In eutherian mammals a single vagina formed by the fusion of the distal parts of the oviducts is present. The uterine portions of the oviducts show different degrees of fusion resulting different types of uteri. The most primitive type of uterus of eutherian mammals is called uterus duplex (Fig. 10.158A) in which the two uteri open separately into the vagina.
Uterus duplex is present in many rodents and elephants. The fusion of the two uteri at their lower ends results in the formation of uterus bipartitus (Fig. 10.158B). Such uterus opens to the vagina by a single aperture. Bipartitus uterus is found in carnivore, pig, cattle, a few bats and in some rodents.
As a result of still greater degree of fusion the formation of uterus bicornis occurs (Fig. 10.158C). Such uterus is found in sheep, whales, insectivores and most bats. Complete fusion of the two uteri has formed uterus simplex (Fig. 10.158D). Uterus simplex is present in man and apes.
The external part of the female reproductive organ is called vulva. In primates two- folds of skin, the labia minora, are present at the margins of the vestibular opening. In some apes and human female two additional folds called labia majora are present at the margins of vulva. They correspond to the scrotal swellings of man.
The glands that are associated with the female genital system are:
(a) Glands of Bartholin,
(b) Para-urethral glands and
(c) Vestibular glands.
Glands of Bartholin are homologous to the Cowper’s gland of males. The gland secretes a clear, viscid fluid under sexual excitement and the fluid acts as lubricant during copulation.
Para-urethral glands are homologous to the prostate glands of males. But the presence of this gland is not constant in all mammals and its function is not known. Vestibular glands are located at the base of urethra and on clitoris. They are mucus-secreting glands.
Breeding season:
Most mammals breed more or less in specific times of the year. But in man, baboon, giraffe and elephants, no particular mating season is present. Animals with a single cycle in each sexual season are called monoesters animals. Dog, koala, kangaroo are examples of monoesters mammals. Polyestrous mammals are those in which sexual season appears many times a year.
Sheep, rat, goat are examples of polyestrous mammals. Post-ovulatory destruction of endometrium results in menstruation. It is present in ‘catarrhines’, certain primates and African elephant and shrew. Fig. 10.159 gives an idea of the relationship between ovary and uterine wall with different harmfulness in man.
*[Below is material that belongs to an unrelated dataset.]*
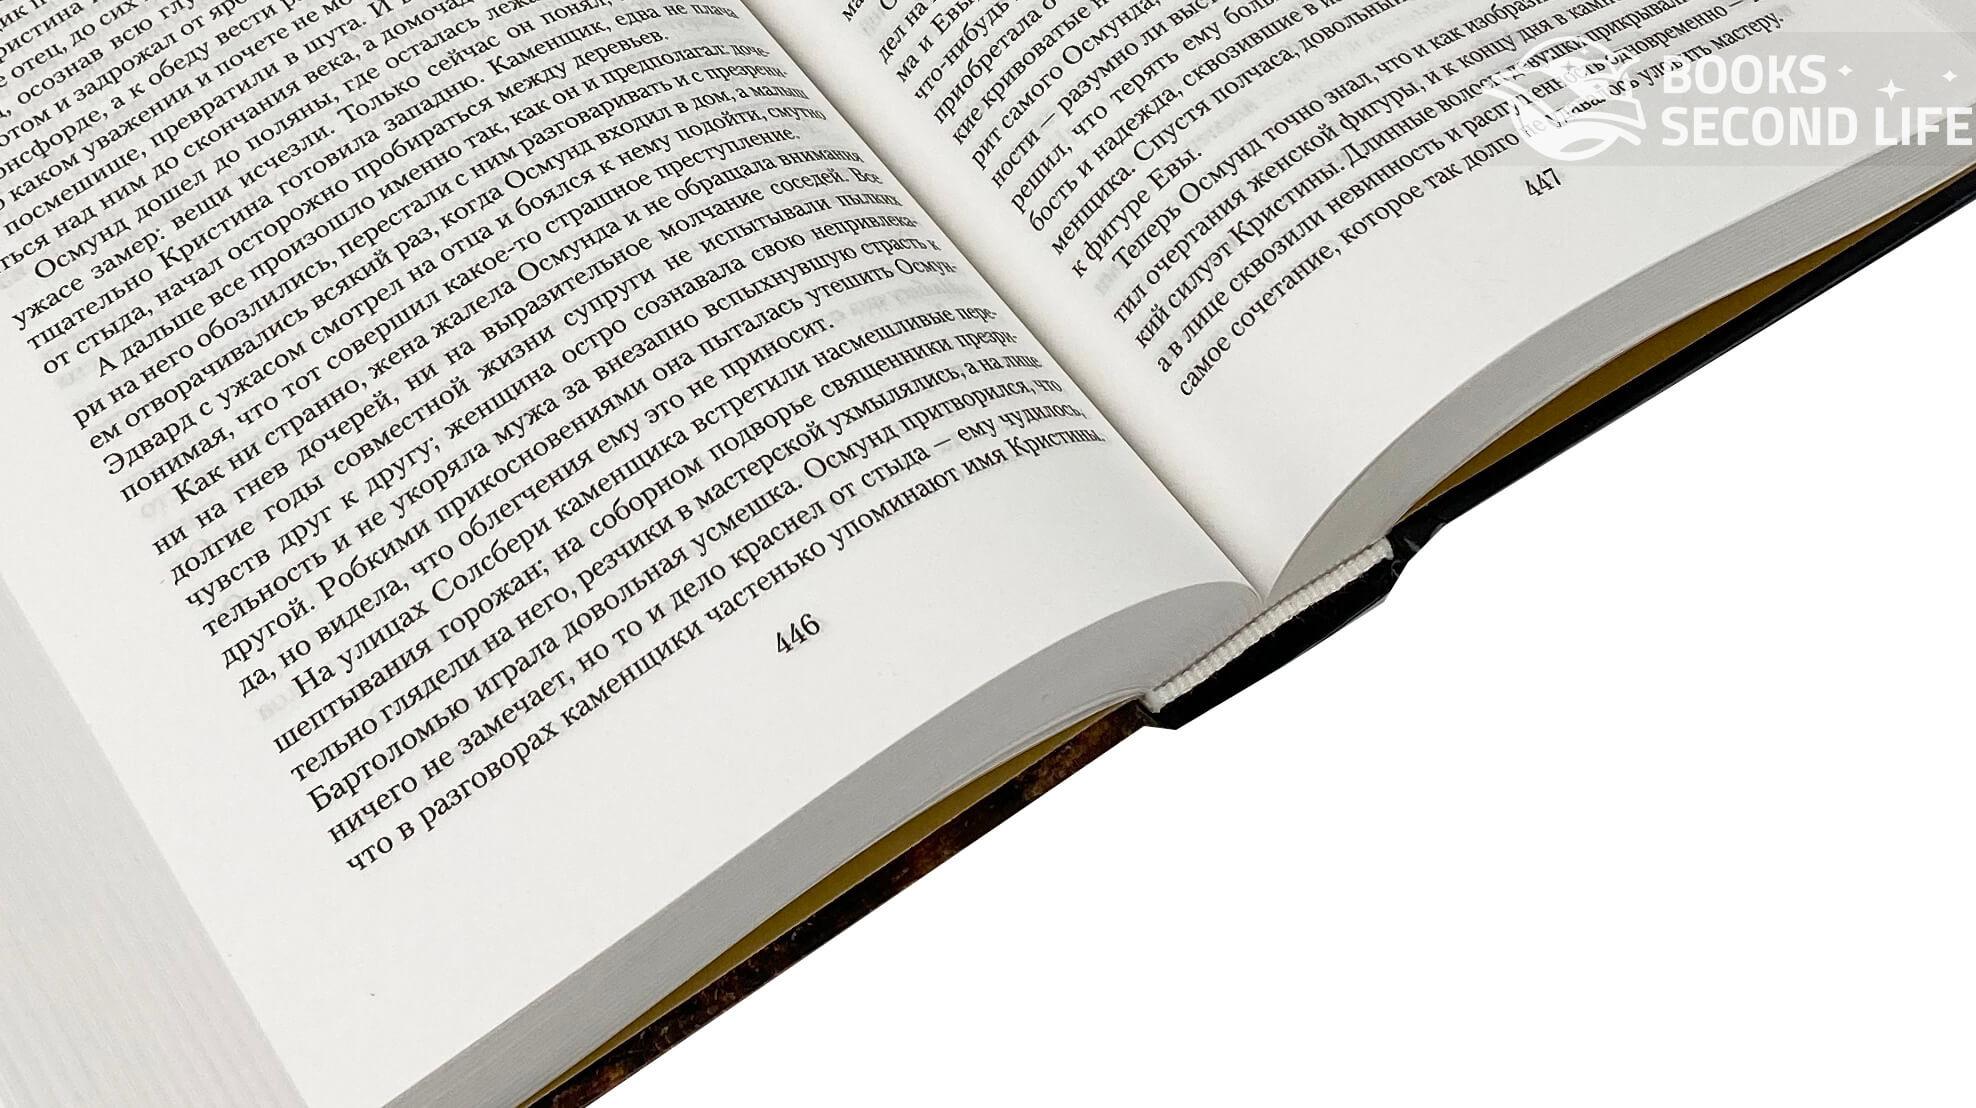 Сарум. Роман об Англии. Автор — Эдвард Резерфорд. Переплет —

During menstruation, the uterine wall undergoes degeneration and is sloughed off. Menstruation is associated with the preparation of uterus for the implantation of fertilized ovum.
The cycle occurs approximately every 28 days in female during the reproductive life. Menstruation is associated with a series of hormonal events. The ovaries secrete a hormone, called estrogen. Estrogen is responsible for the development of secondary sex characters and accessory sex organs of the female. Progesterone is another hormone secreted by the corpora lutea.
Progesterone is concerned with the changes occurring in preparation for and during pregnancy. Relaxin is another hormone or hormonal agent. It has been extracted from the corpora lutea of cows, the blood stream of pregnant rabbits, dogs and cows. Whether it is a true ovarian hormone is questionable since the site of its formation is still obscure. Relaxin helps in bringing out formative changes for and during pregnancy.
Experimentally it has been shown that the removal of ovaries before puberty prevents further development of uterus, vagina and Fallopian tube, all of which remain in infantile condition. Extirpation after puberty brings about atrophy of organs. Removal of ovaries or corpus luteum alone during pregnancy brings about abortion.